Description of Registrants Securities

EX-4.4 2 hone-20191231ex4433835d1.htm EX-4.4 hone_Ex4_4

Exhibit 4.4



HarborOne Bancorp, Inc. (the “Company”) has one class of securities registered under Section 12 of the Securities Exchange Act of 1934, as amended: common stock, par value $0.01 per share (the “Common Stock”). The Company’s Common Stock is traded on the NASDAQ Global Select Market under the symbol “HONE.”

The following is a description of the material terms and provisions of the Company’s Common Stock. It may not contain all the information that is important to you.
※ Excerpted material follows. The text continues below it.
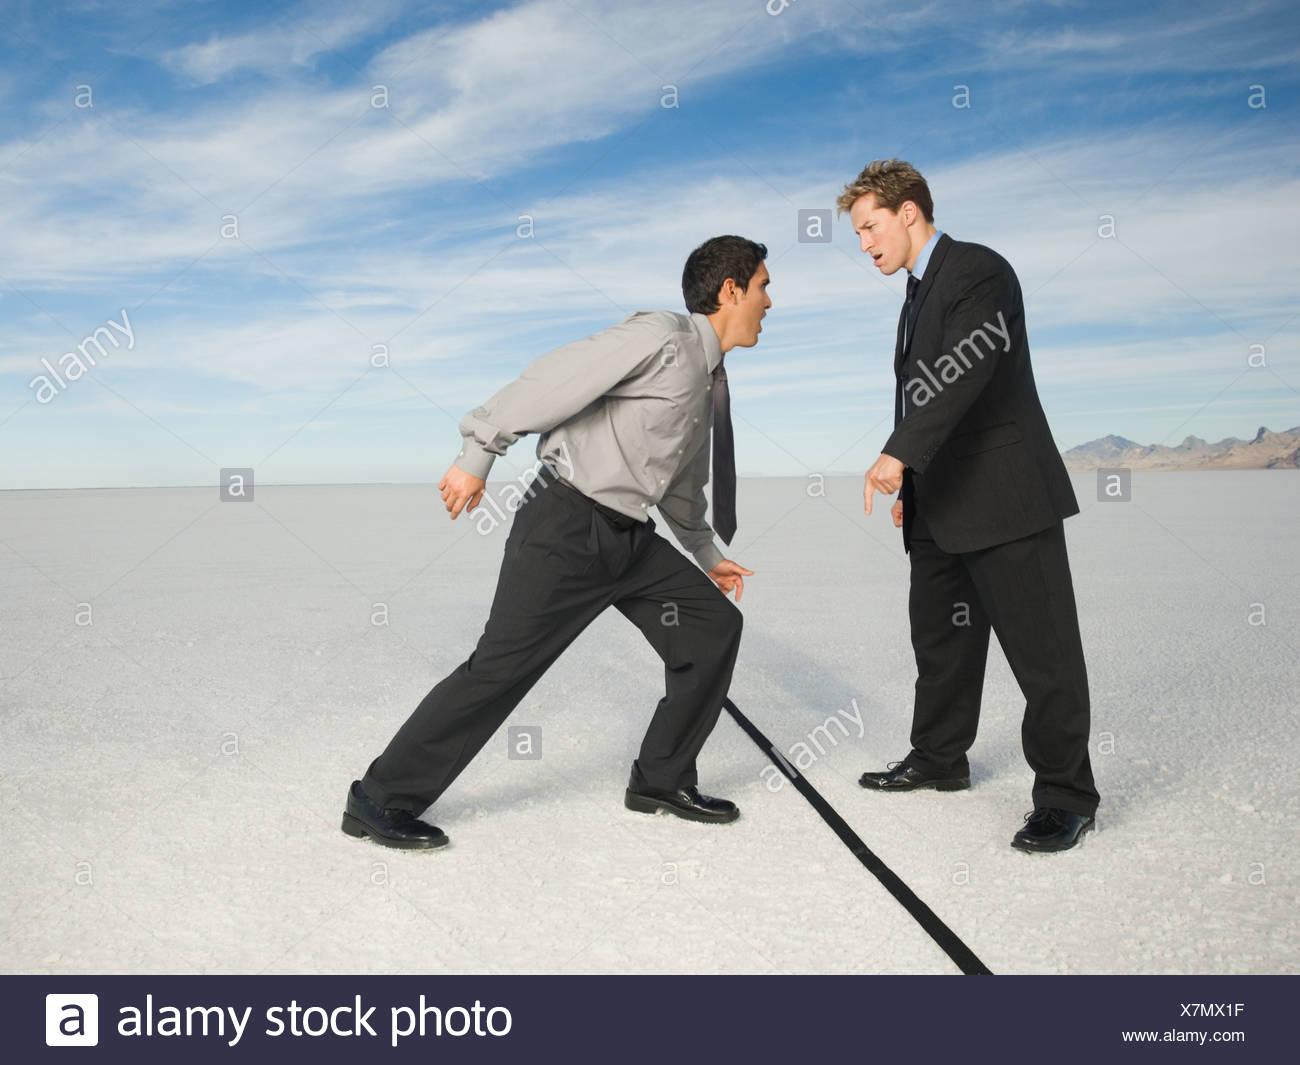 Geschäftsleute auf gegenüberliegenden Seiten der Linie, Salinen, Utah, USA Stockbild

Therefore, you should read the Company’s articles of organization and bylaws, which are attached as exhibits to the Annual Report on Form 10-K to which this description is an exhibit.


Under the Company’s articles of organization, the Company has authority, without further shareholder action, to issue 150,000,000 shares of Common Stock.  The Company may amend its articles of organization from time to time to increase the number of authorized shares of Common Stock. Amendments to the articles of organization require a two-thirds shareholder vote; provided,  however, that if at least two-thirds of the directors recommend approval of the amendment, then such amendment requires the affirmative vote of a majority of the total votes eligible to be cast by shareholders, voting together as a single class.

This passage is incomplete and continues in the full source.